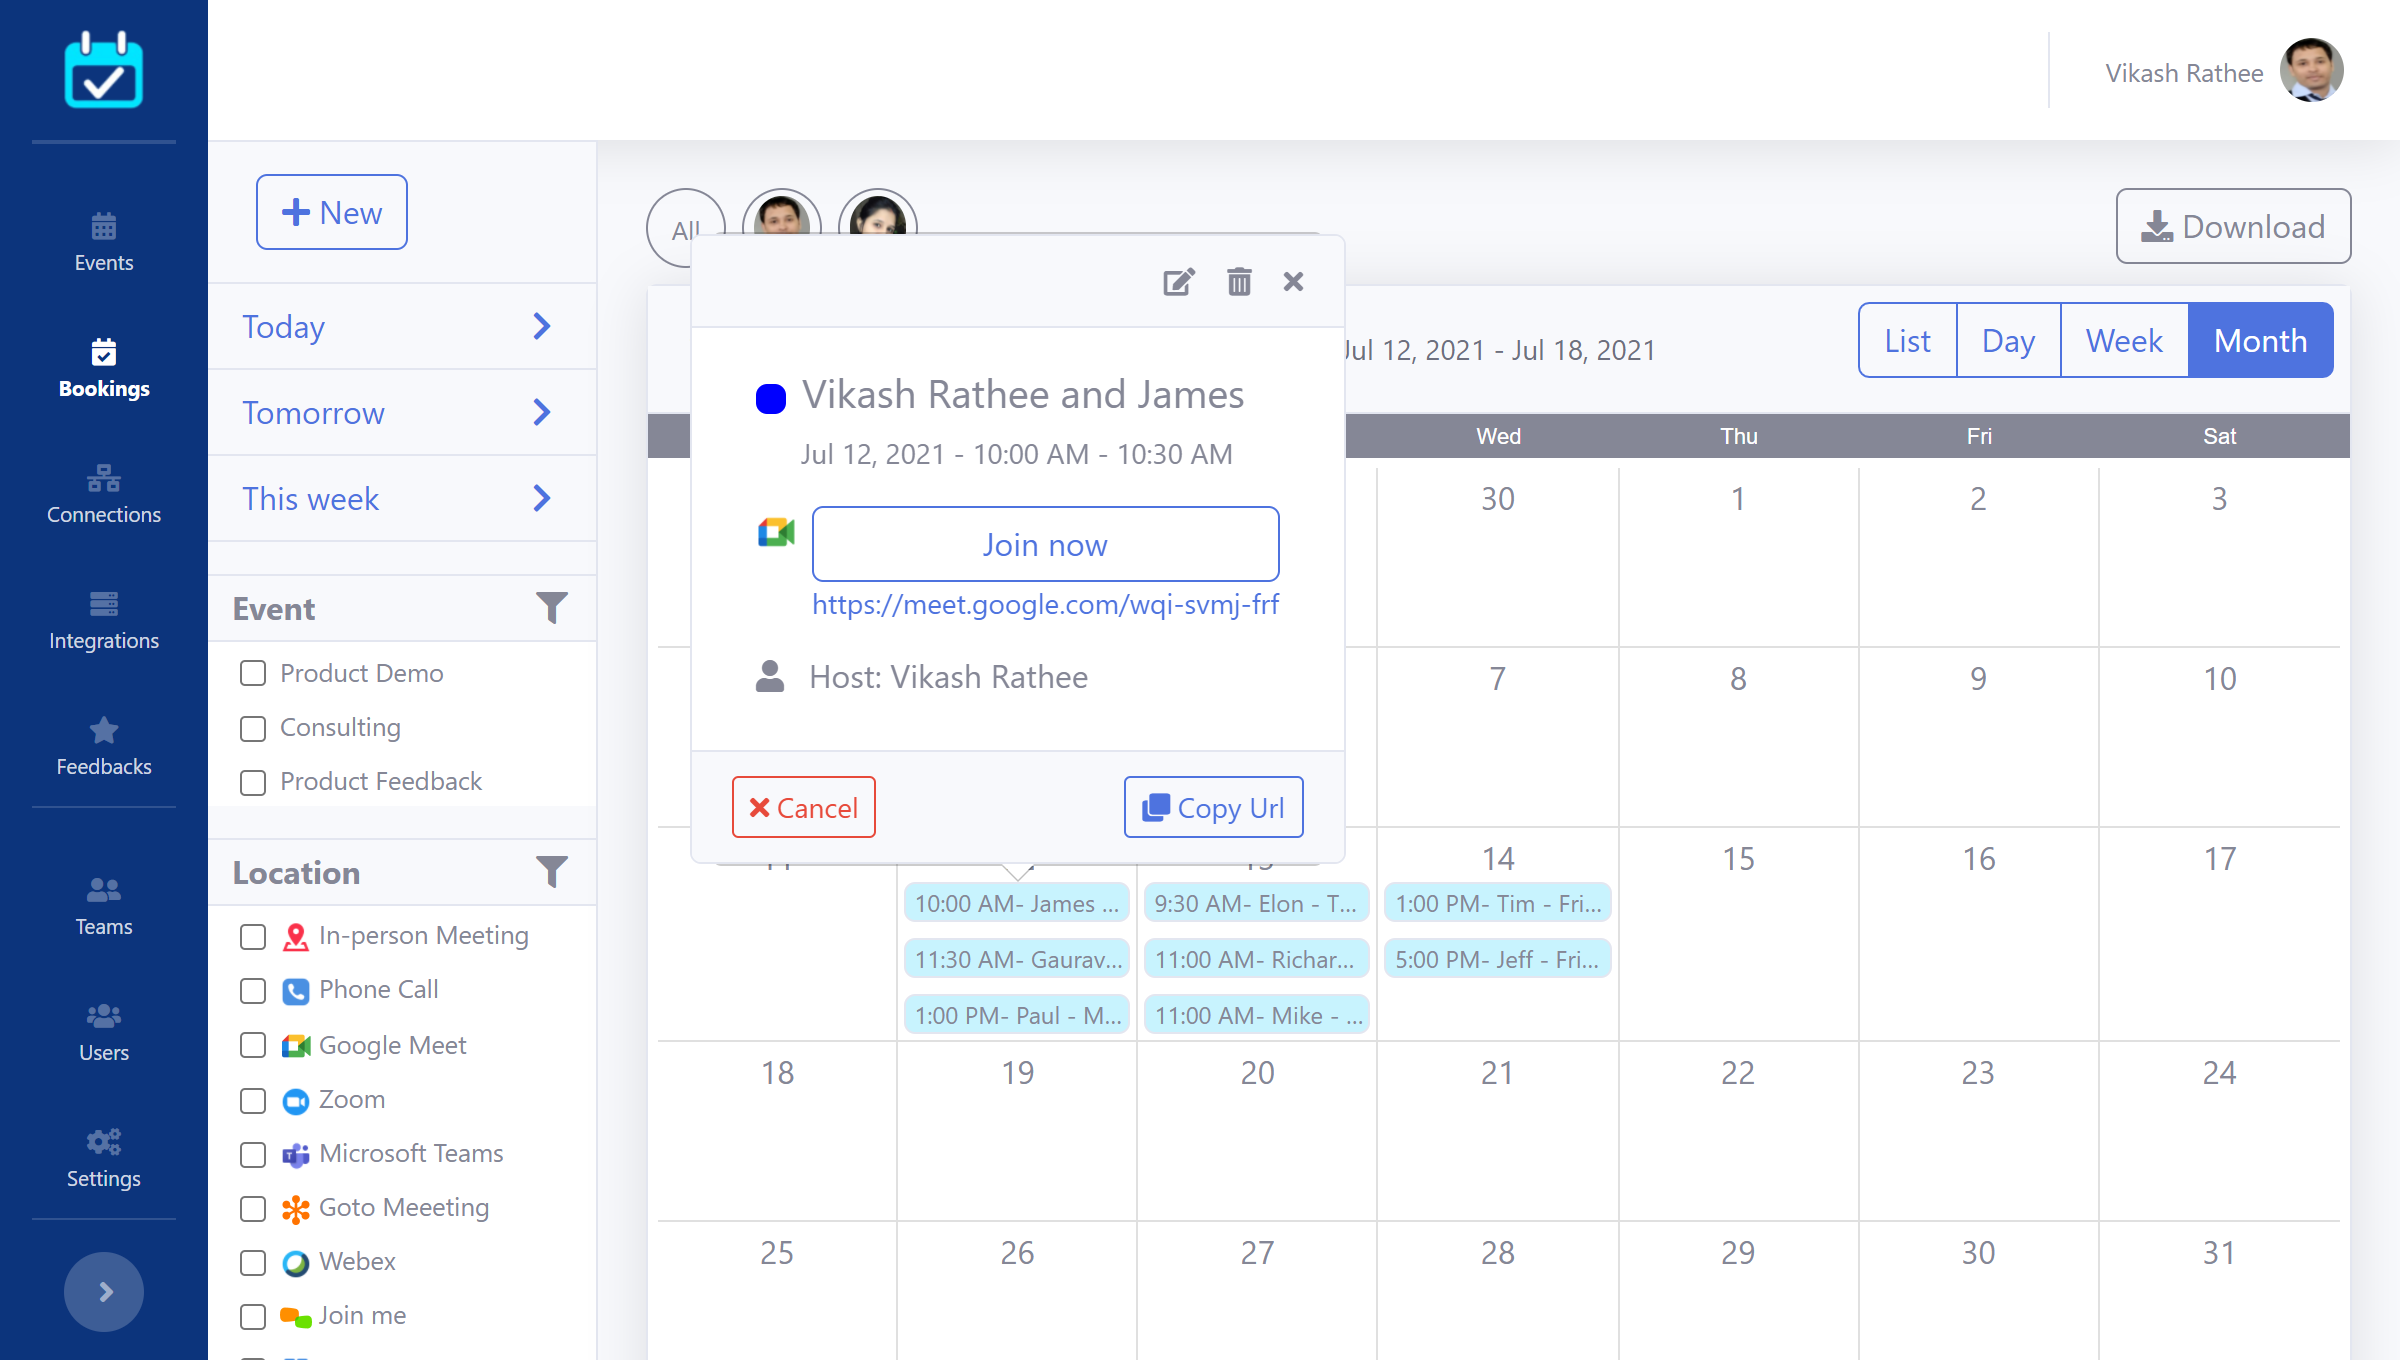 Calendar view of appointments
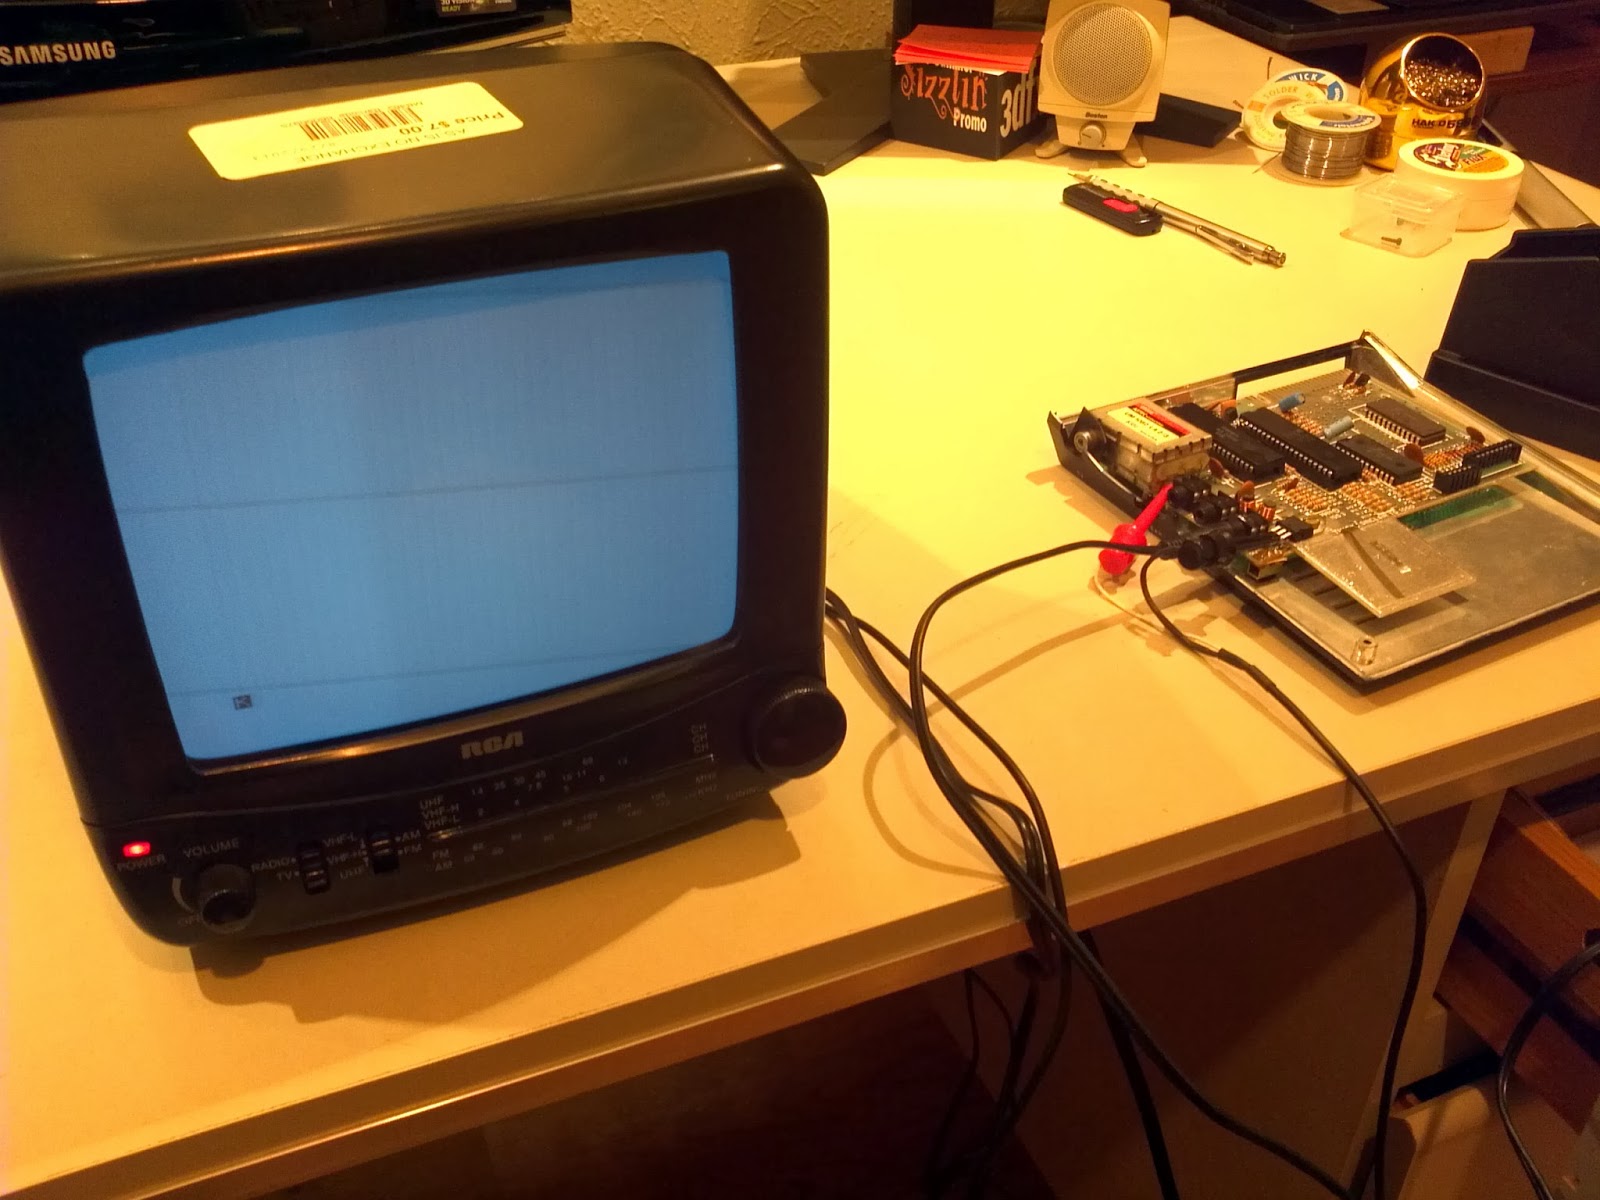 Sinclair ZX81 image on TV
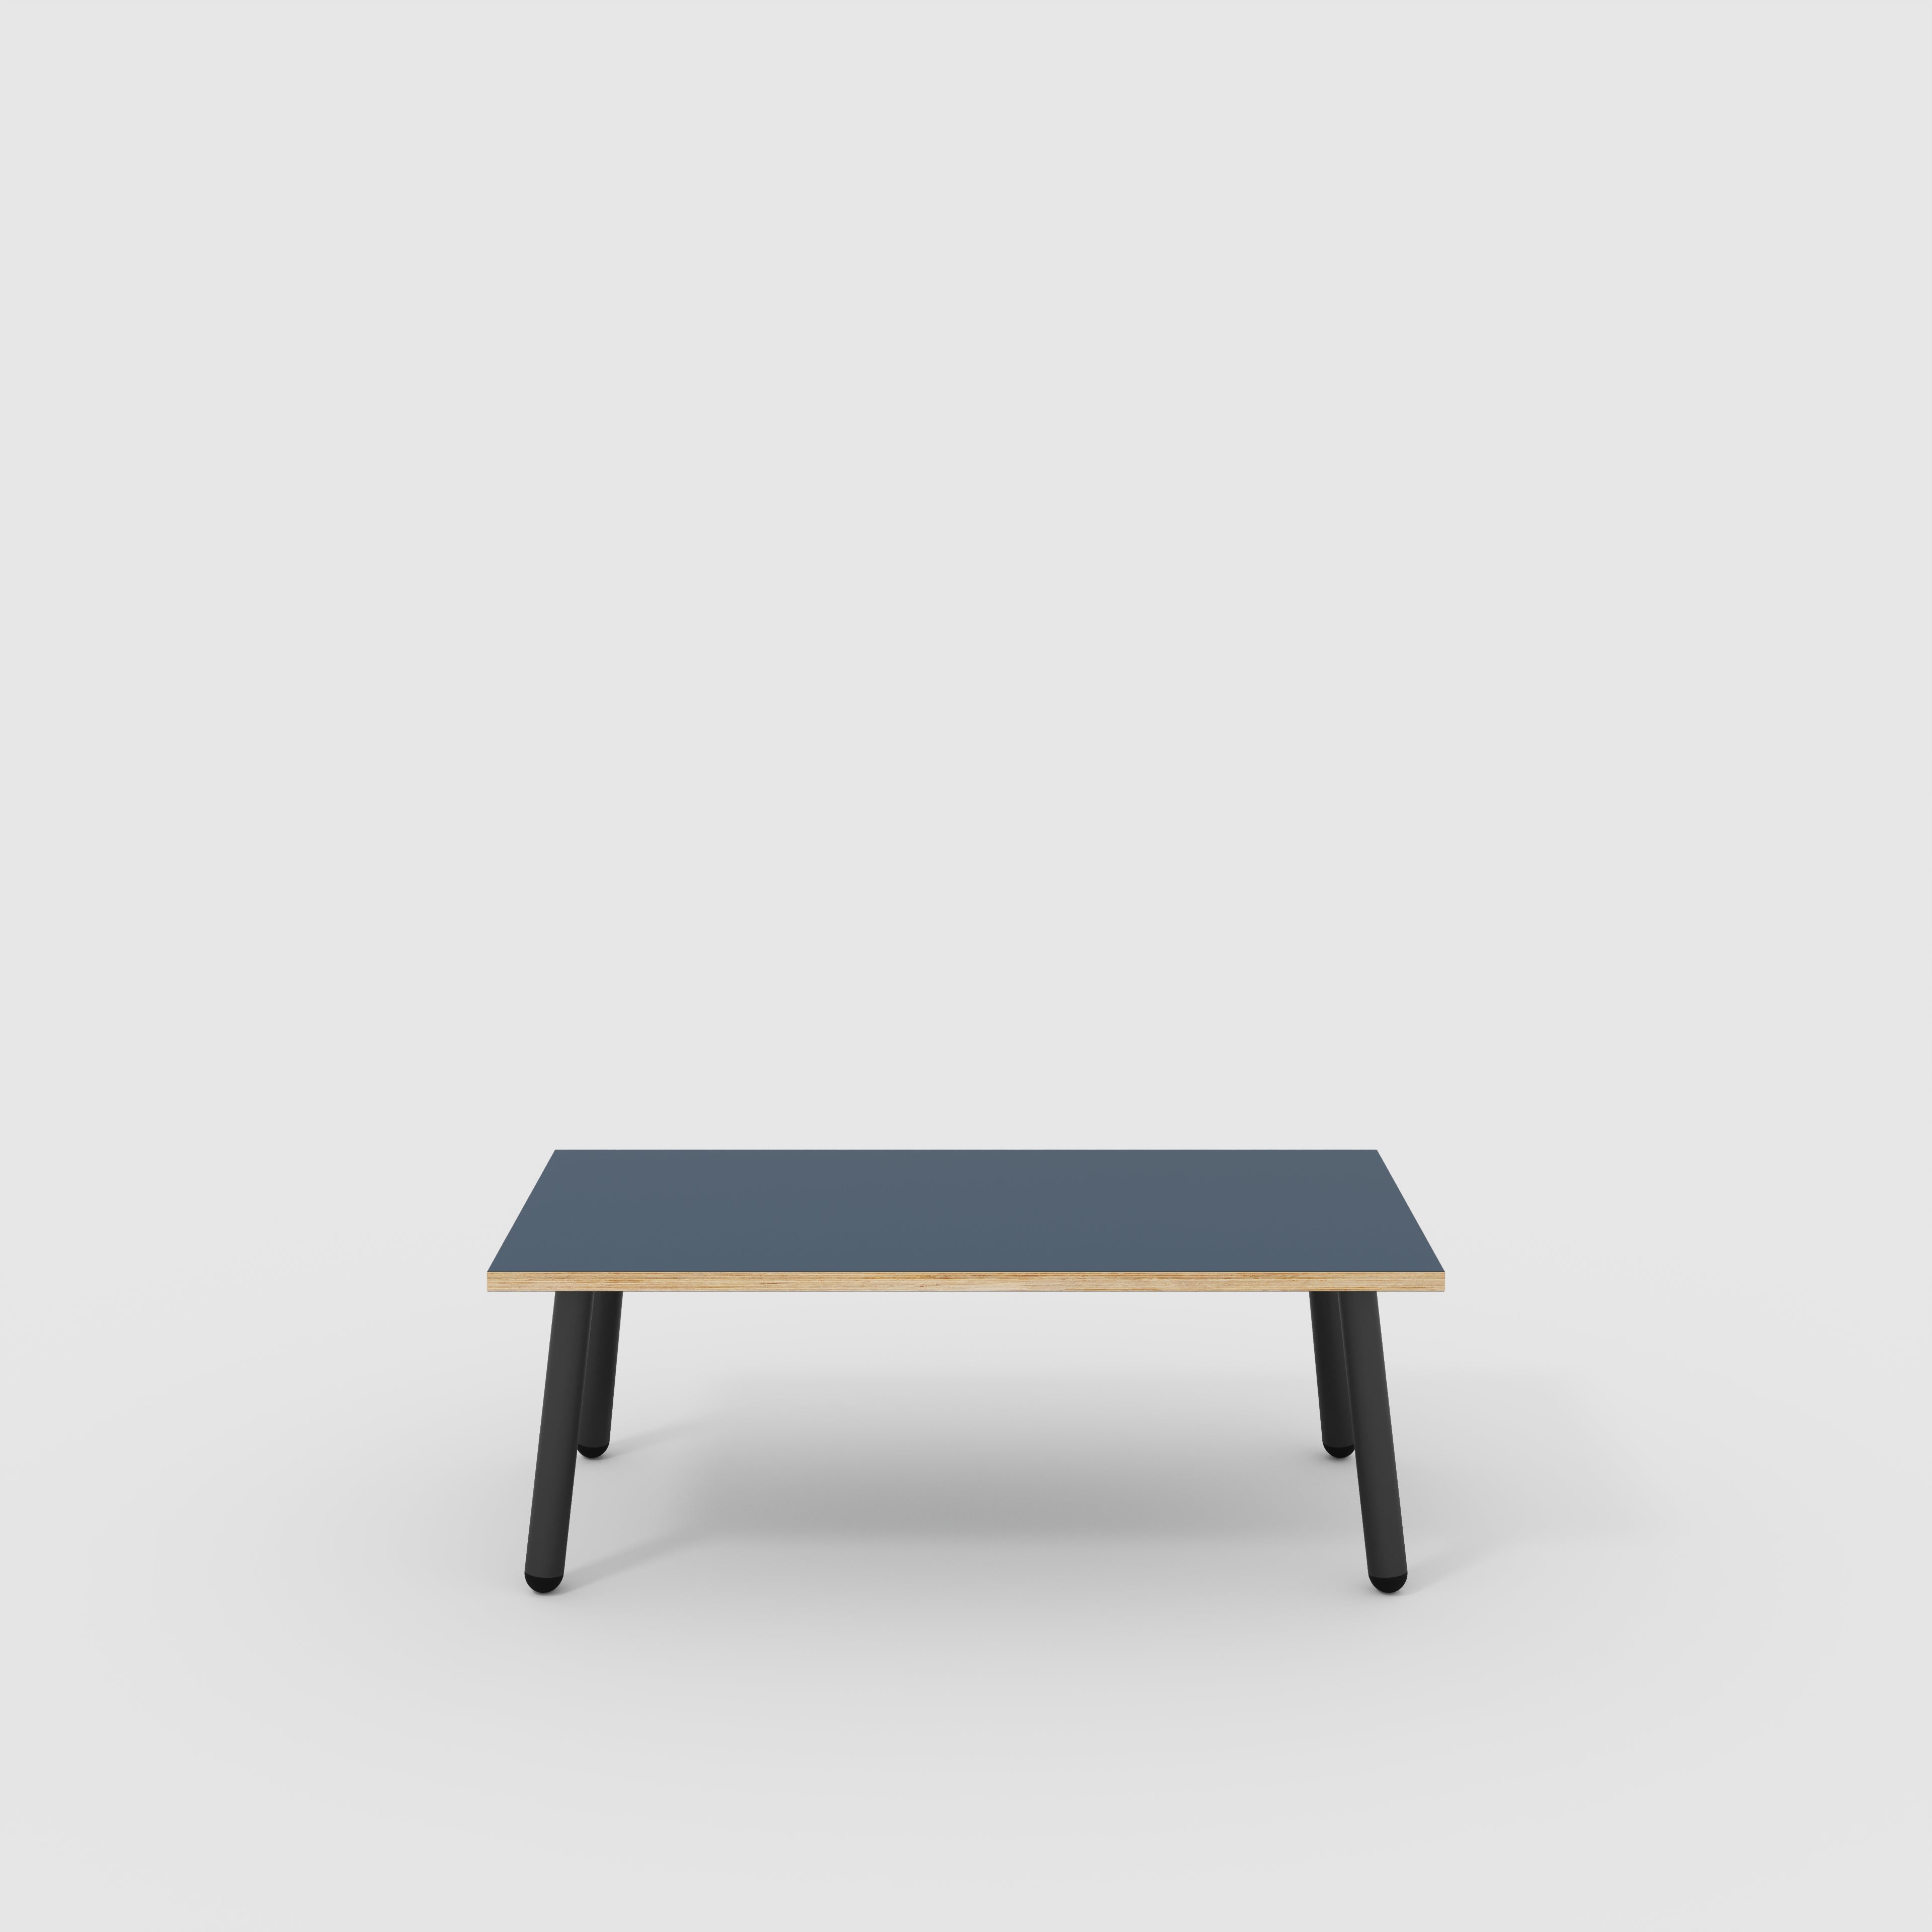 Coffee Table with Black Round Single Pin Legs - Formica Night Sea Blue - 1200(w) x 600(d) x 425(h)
==============================
— Task —
Except for the pictures, give the data again word for word.

— Answer for the task —
 Calendar view of appointments
 Sinclair ZX81 image on TV
 Coffee Table with Black Round Single Pin Legs - Formica Night Sea Blue - 1200(w) x 600(d) x 425(h)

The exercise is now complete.